Liquidation can take two forms, either voluntary or compulsory:
1 – Creditors Voluntary Liquidation (CVL) is a decision made by the directors and shareholders to liquidate the company. A licensed insolvency practitioner is appointed by the directors who then sells the assets of the company and pays the remaining funds to the creditors. This is a very much simplified summary of the process but although this is properly regulated by the court it can be a relatively quick process and can give a very quick relief to the directors from the pressures of a failing company.
Leonard James & Co can advise you on choosing a liquidator who we know will be sympathetic to the issues which the directors face and we work with you to ensure that any personal liabilities are minimised. Many clients find this to be one of our most valuable services.
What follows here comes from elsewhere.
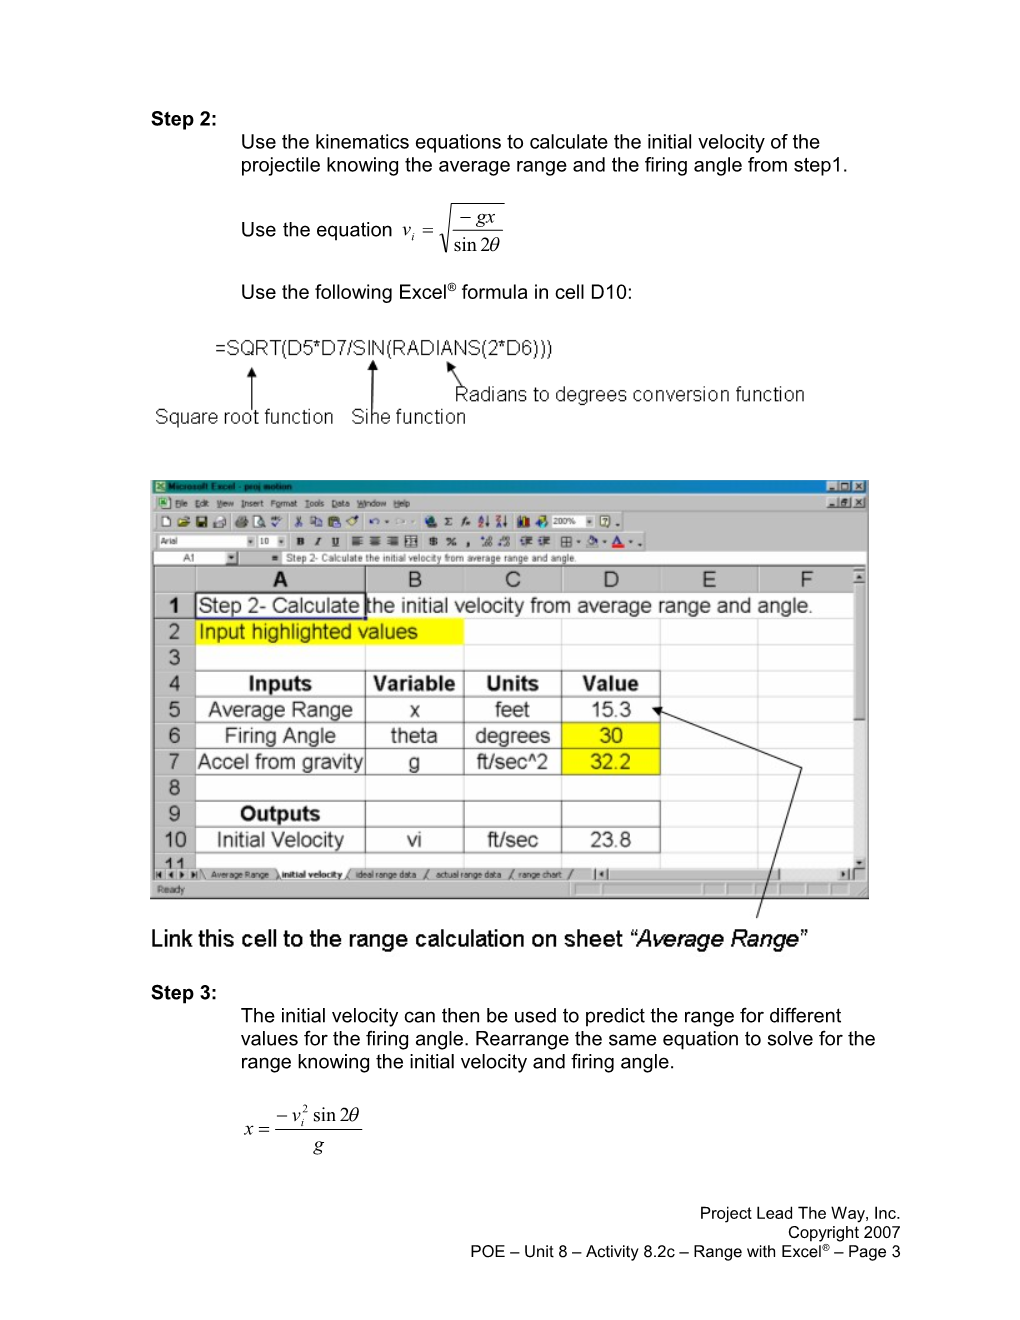 Activity 8.2C - Range with Excel

2 - Compulsory liquidation is a process determined by the court at the behest of a creditor. Compulsory liquidation is most commonly a result of action taken by the government agencies to recover either VAT or PAYE though it can be initiated by anyone who you owe money to. The creditor applies to the court for the company to be would up, and if the court approves this the court will appoint a liquidator.
A court appointed liquidator, which may sometimes be the official receiver, will look very closely at the actions of the officers of the company and in some circumstances, such as in mishandling of PAYE, the directors may become personally liable. Allowing a company to go into compulsory liquidation should be avoided at all costs.